Se avete già giocato o non temete gli spoiler, ne ho riassunte alcune.
Rapide varie & eventuali
- Nell'ultimo mese ha fatto discutere la pubblicazione di Star Wars: Dark Forces - Remaster, una versione riveduta e corretta di un classico FPS del 1995, per inciso uno dei più bei videogiochi di Star Wars che abbia mai giocato, fiore all'occhiello della LucasArts dell'epoca d'oro. Dovrebbe avere una scheda su questo sito: da quanti anni me lo riprometto? Le polemiche non sono tanto indirizzate al lavoro di restauro dei Night Dive Studios, quanto all'alto prezzo per avere accesso a diverse migliorie che già offre gratuitamente il non ufficiale The Force Engine. A dirla tutta, i Night Dive hanno però anche aumentato il frame rate delle sequenze precalcolate (ridisegnandole), nonché aggiunto una galleria di extra sulla lavorazione (incluso un livello demo poi cestinato), grazie all'accesso esclusivo agli archivi Lucasfilm. Qualcosa in più insomma c'è, ma sono d'accordo: se si possiede già l'originale, non sembra sufficiente per giustificare il biglietto d'entrata di 30 euro. Tuttavia, se non lo si fosse mai acquistato, potrebbe avere senso, anche perché su GOG e Steam l'originale è incluso nel prezzo.
- Ron Gilbert è affezionatissimo ai punta & clicca per bambini prodotti in dieci anni dalla sua Humongous Entertainment: se leggendo il mio speciale vi incuriosiscono e li volete comprare in blocco per pochi euro, per completezza, questo Humble Bundle è la vostra occasione!

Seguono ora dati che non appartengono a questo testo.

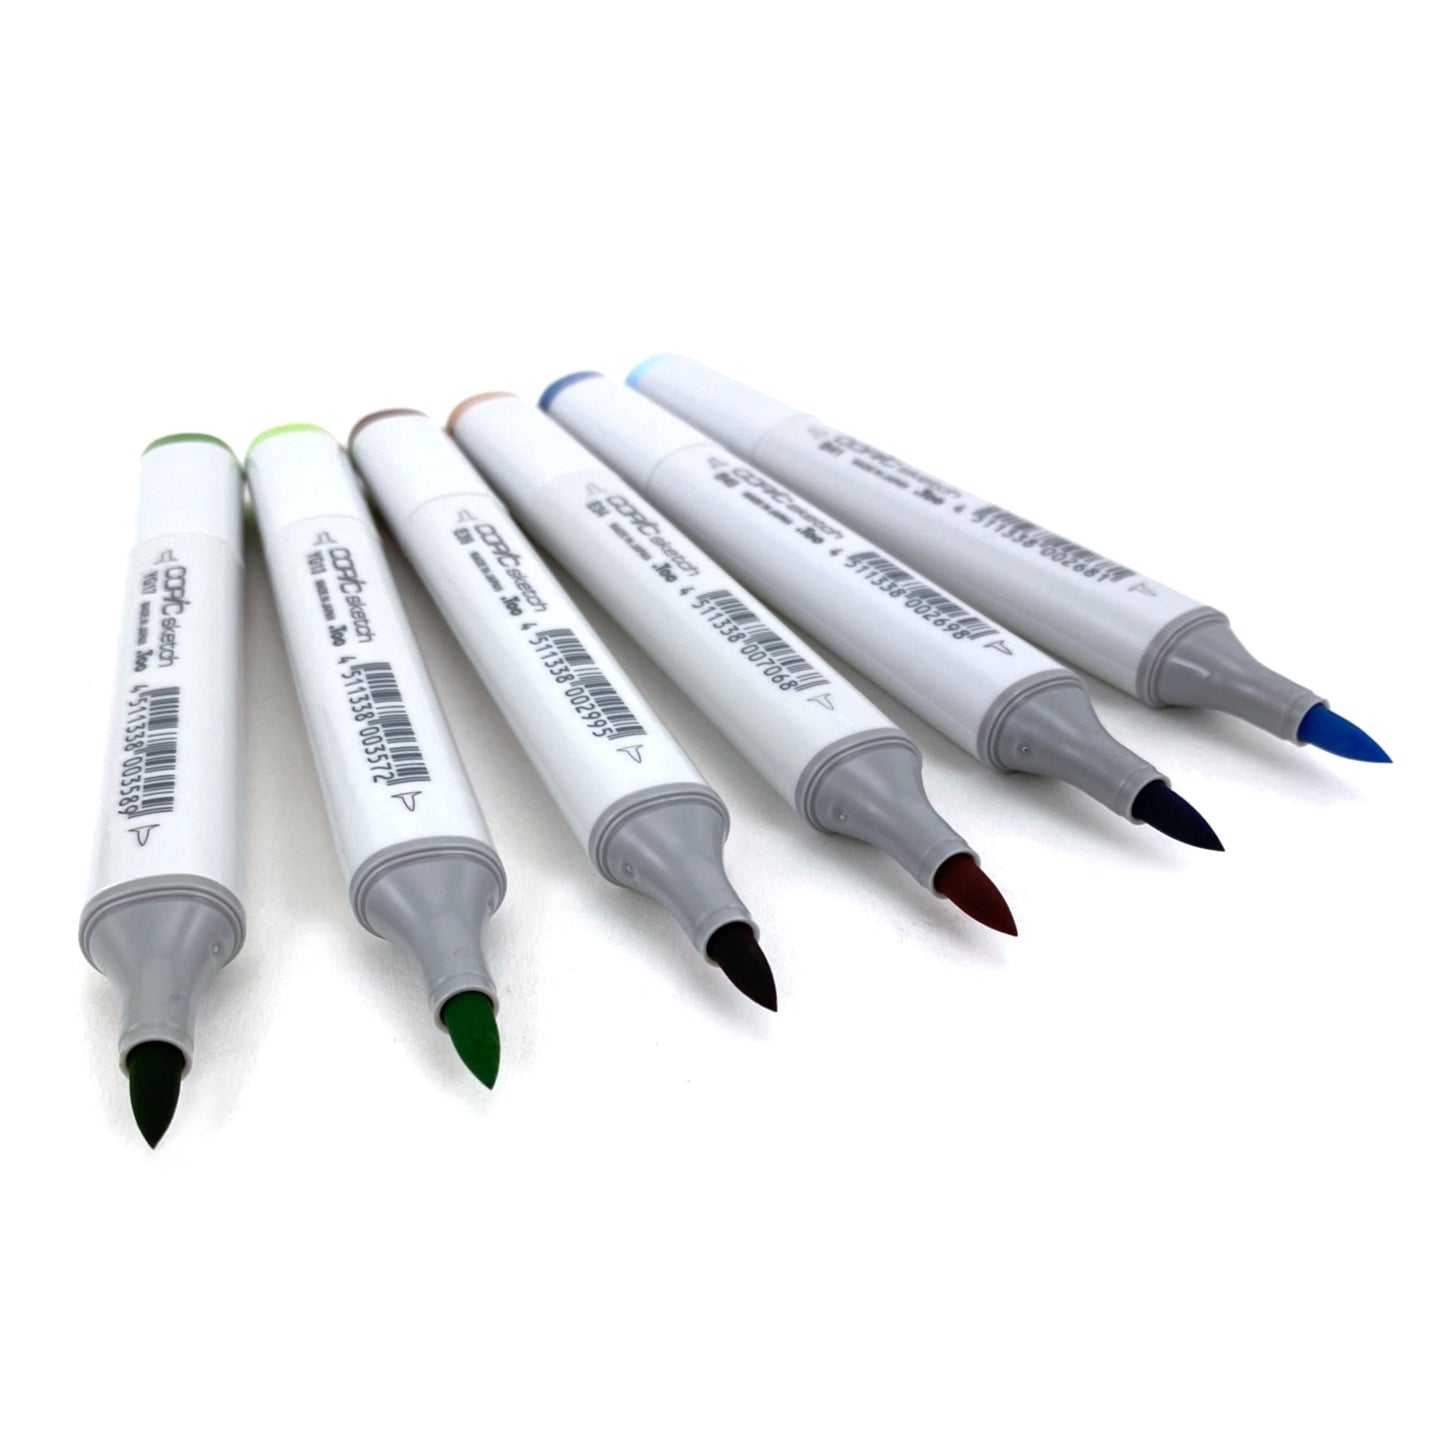 Copic Sketch Markers - Set of 6 - by Copic - K. A. Artist Shop
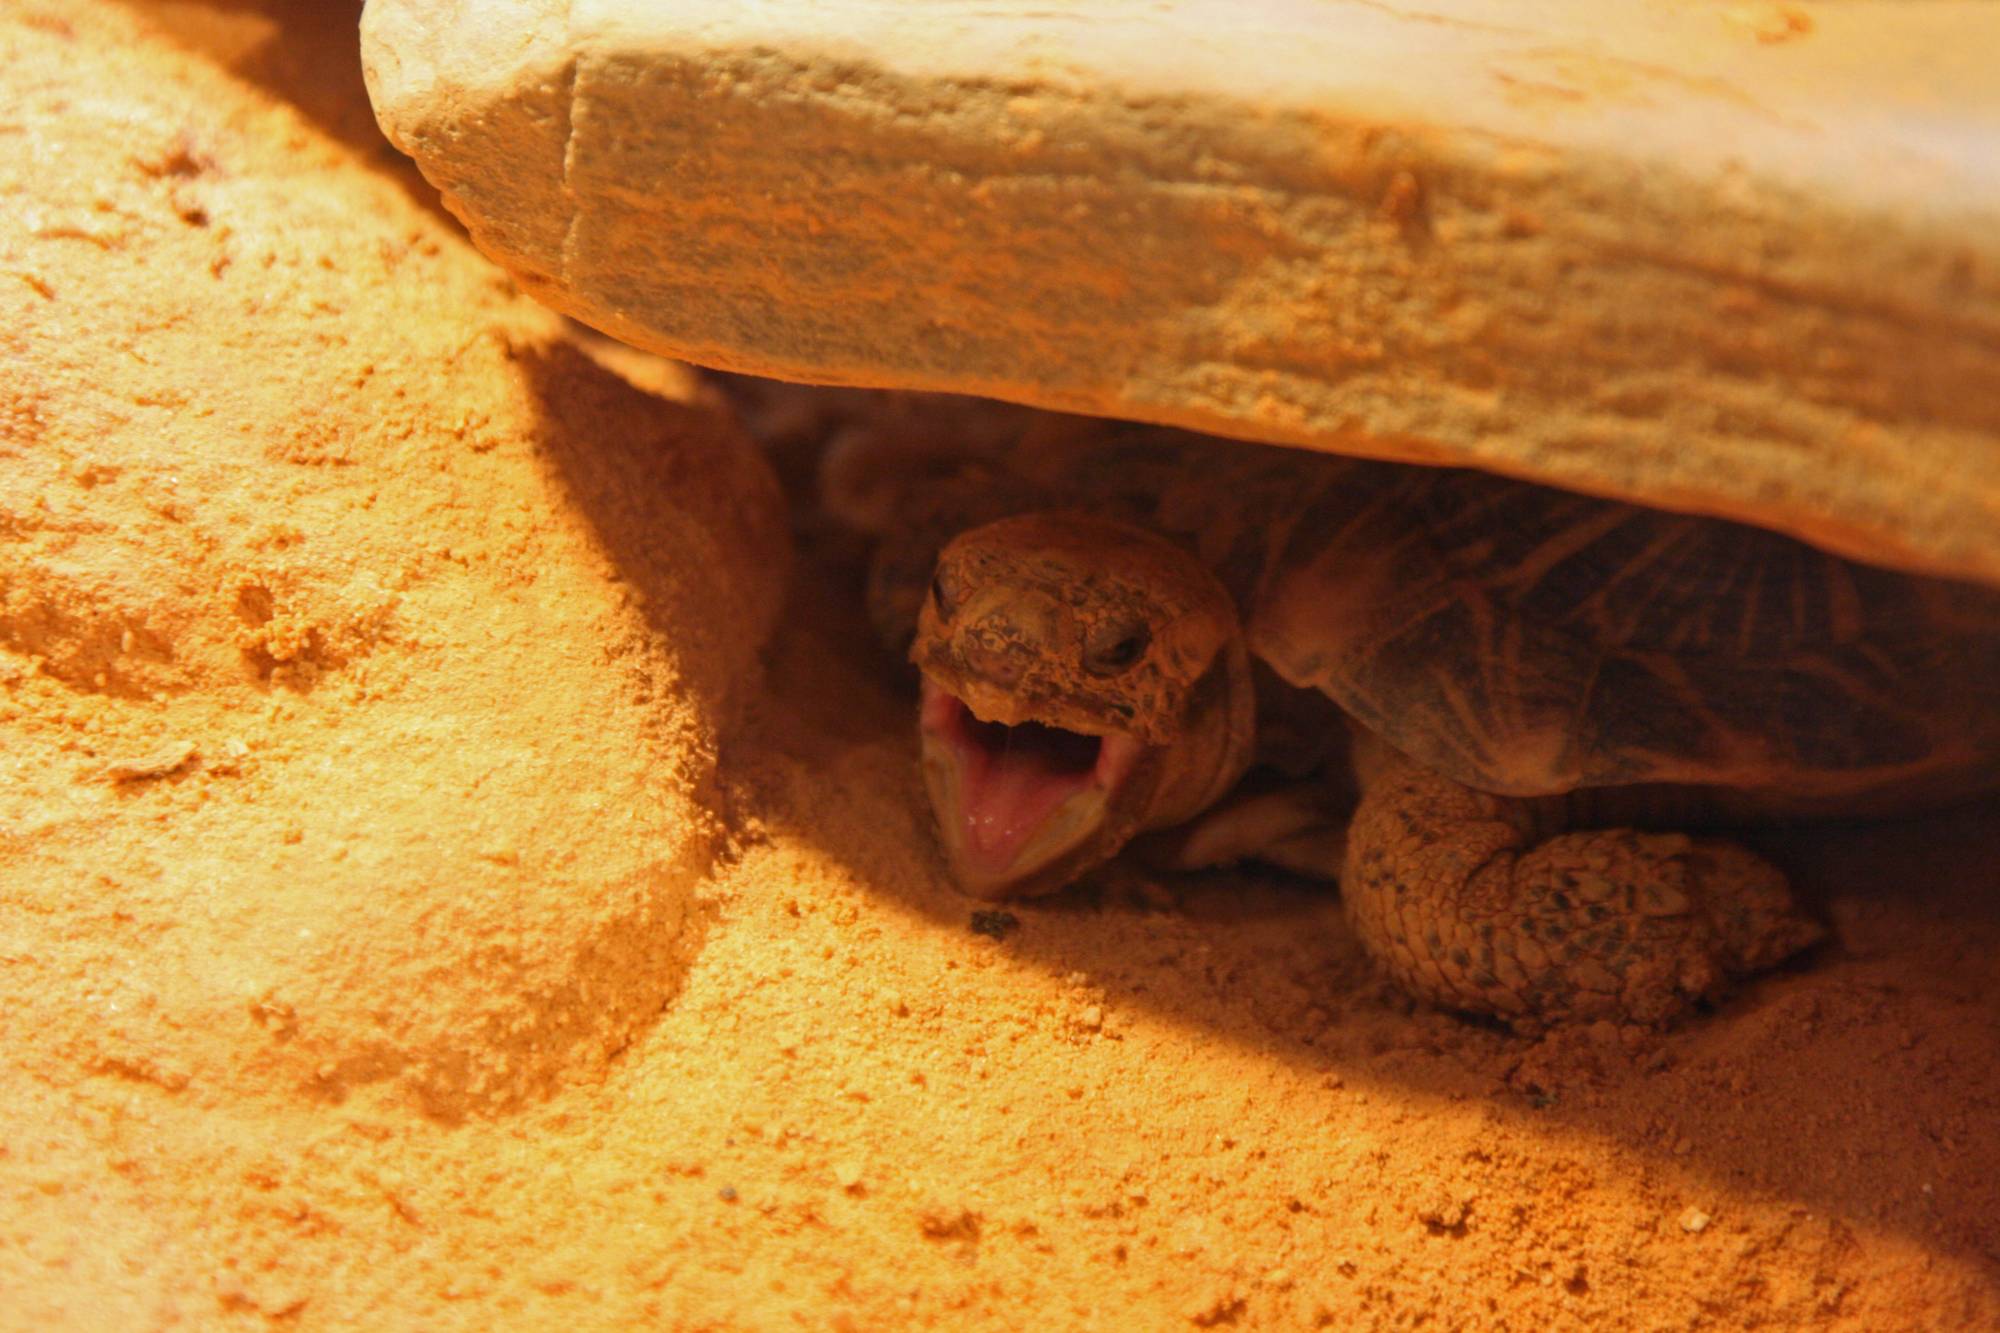 Turtle peeking out from under a rock

- Pare che l'Adult Swim Games stia per rimuovere dalla vendita Headlander di Lee Petty, per via dei tagli fiscali operati dalla casa madre Warner Bros (avrete sentito dei film cestinati come Batgirl e Coyote vs. Acme, probabilmente). Nel caso non l'abbiate e la mia scheda vi abbia incuriosito, lo potete recuperare ancora per poco tempo su GOG o Steam.
- Ogni tanto la Lucasfilm celebra qualche vecchia gloria videoludica della LucasArts sul blog del sito ufficiale: questa volta è toccato a Indiana Jones and the Fate of Atlantis. Niente di che, ma il pensiero conta, conta eccome.
- La bella rivista Retro Computer, dopo il numero 0 di qualche mese fa, è definitivamente partita, a cadenza bimestrale. Hanno accolto un mio errata corrige su una modalità grafica dell'Amiga, spero che accoglieranno il prossimo, perché nel numero in edicola The Curse of Monkey Island viene erroneamente attribuito a Tim Schafer. A dirla tutta comunque Retro Computer non esiste in funzione degli articoli sul software: rimane veramente molto comodo, pratico e stimolante per riflettere sull'hardware del passato, con firme competenti come Carlo Santagostino, Luciano Costarelli, Fabio Massa e Francesco Sblendorio.
Fine dell'aggiornamento pasquale, cosa ci attenderà nel cuore della primavera?
Sapremo qualcosa in più della remaster di Sam & Max: The Devil's Playhouse (che ha fatto capolino alla GDC)... o magari avremo una data d'uscita per Indiana Jones e l'Antico Cerchio?
Ciao,
Dom
27-2-2024
Mentre la "cattiva" stagione ci disorienta e ci costringe ad alternare vestiari d'ogni tipo, sperando di pianificare bene il modo in cui usciamo di casa al mattino, Lucasdelirium compensa garantendo fenomeni regolari: questo mese piovono documentari, libri e un'intervista colossale davvero ricca di curiosità. Cominciamo subito, chiudendo con i preamboli!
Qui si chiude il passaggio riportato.